What this task involves:
Reproduce, exactly and in full, the lines from the one with "CINA THE POST" through the one with "Maillot de bain" in the data below; drop pictures.

Input records:
'''
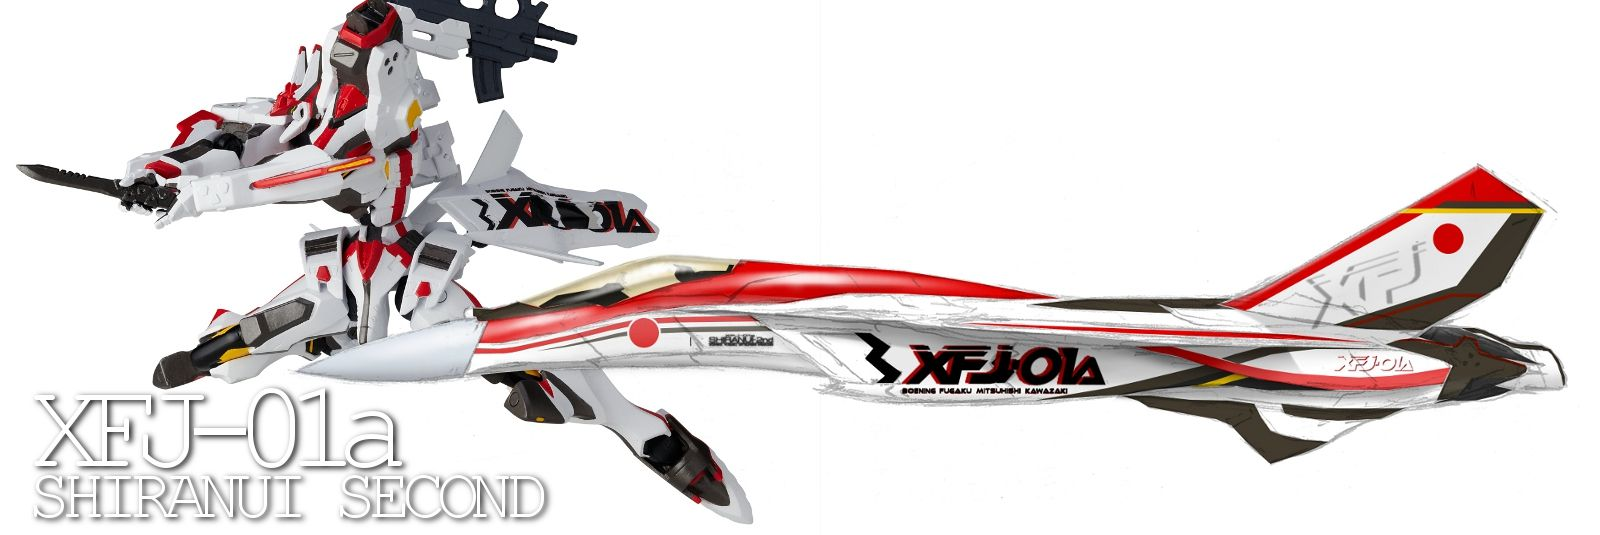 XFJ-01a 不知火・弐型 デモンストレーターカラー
'''
'''
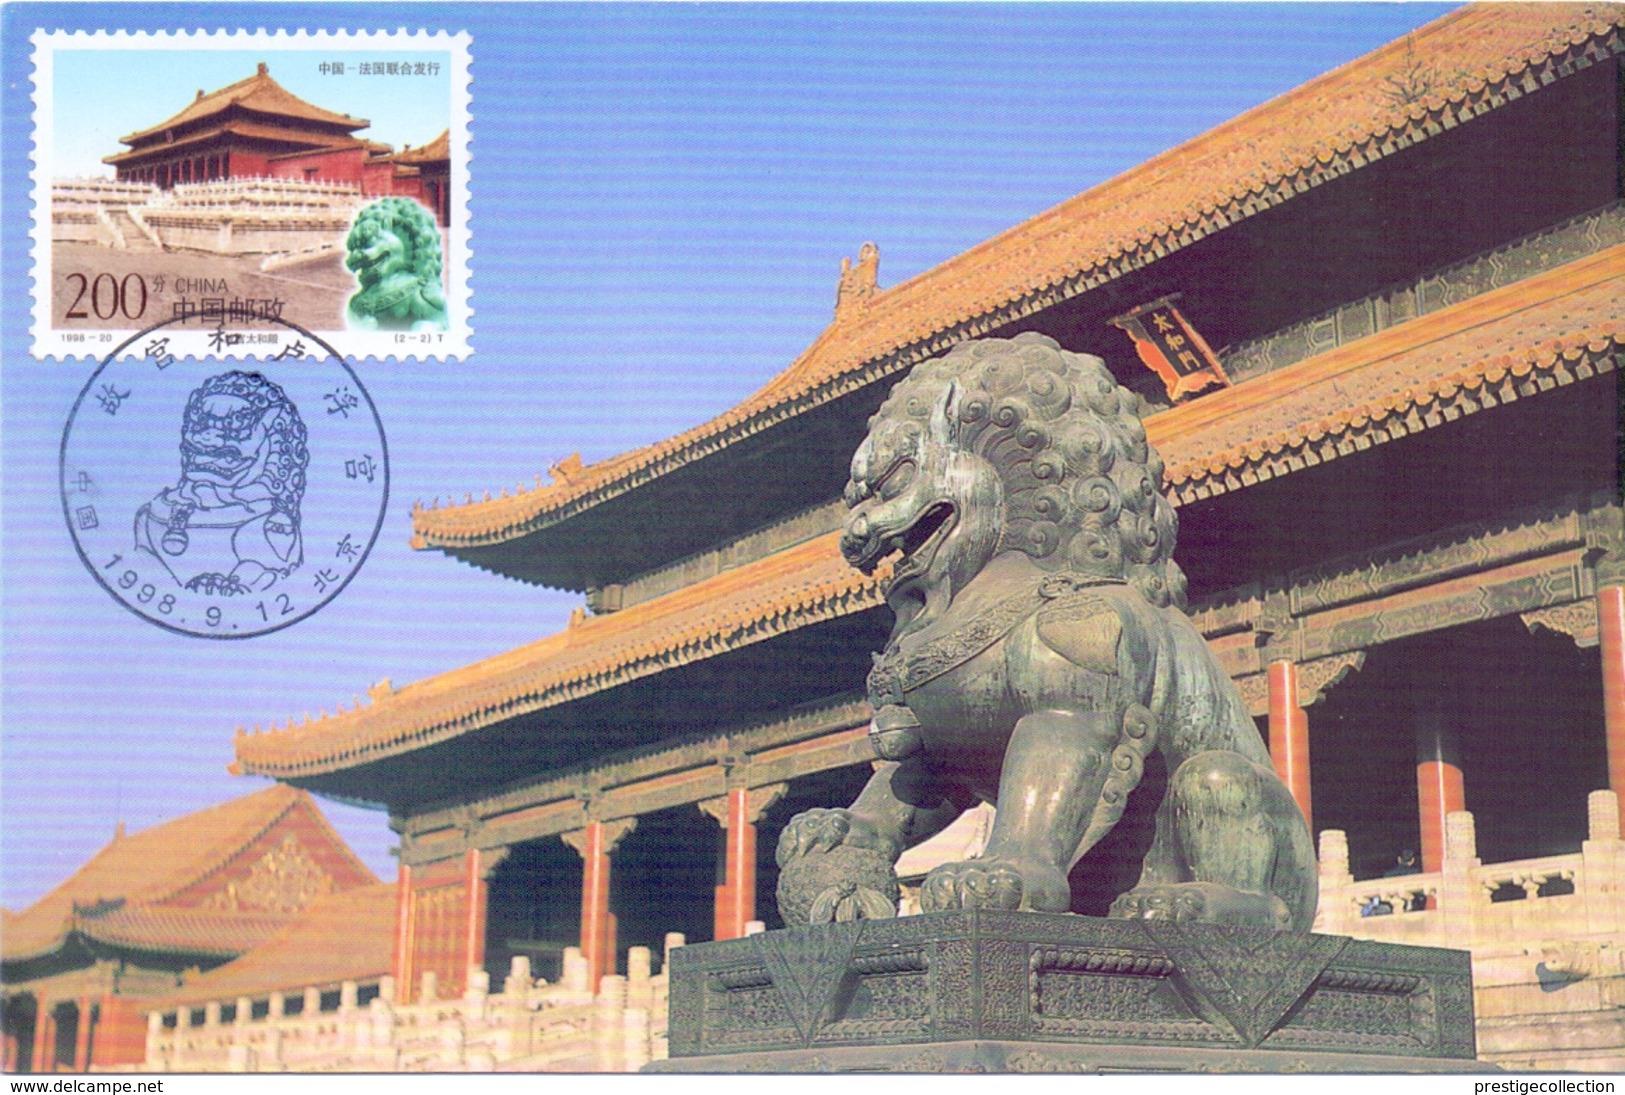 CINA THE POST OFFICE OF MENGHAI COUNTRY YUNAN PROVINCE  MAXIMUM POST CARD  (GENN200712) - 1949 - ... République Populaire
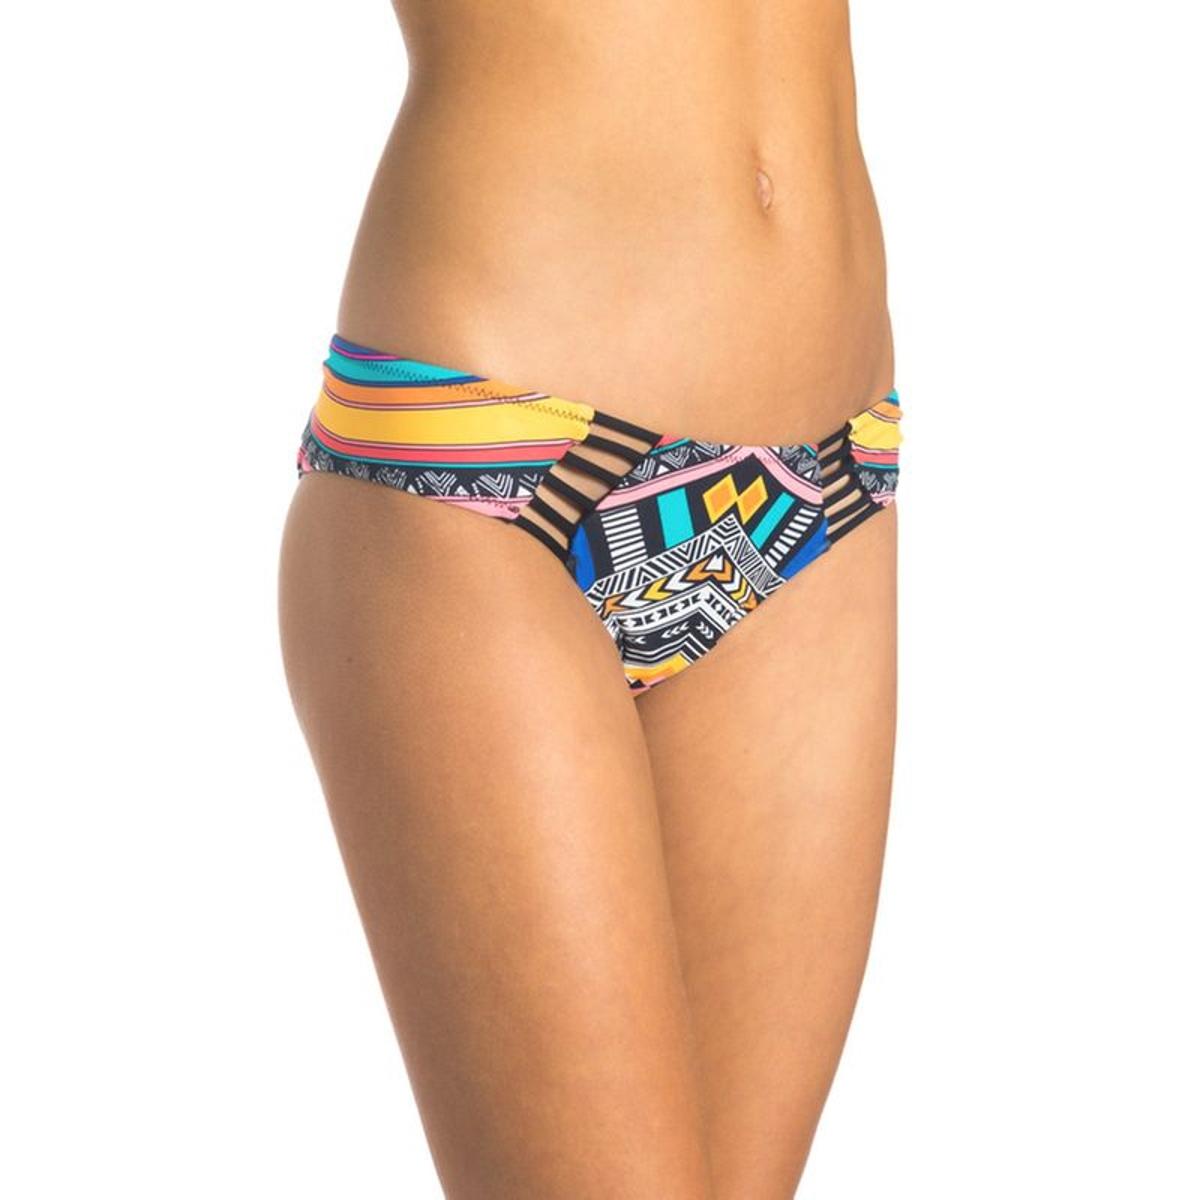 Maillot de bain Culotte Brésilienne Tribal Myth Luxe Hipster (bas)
'''
Response to this task:
 CINA THE POST OFFICE OF MENGHAI COUNTRY YUNAN PROVINCE  MAXIMUM POST CARD  (GENN200712) - 1949 - ... République Populaire
 Maillot de bain Culotte Brésilienne Tribal Myth Luxe Hipster (bas)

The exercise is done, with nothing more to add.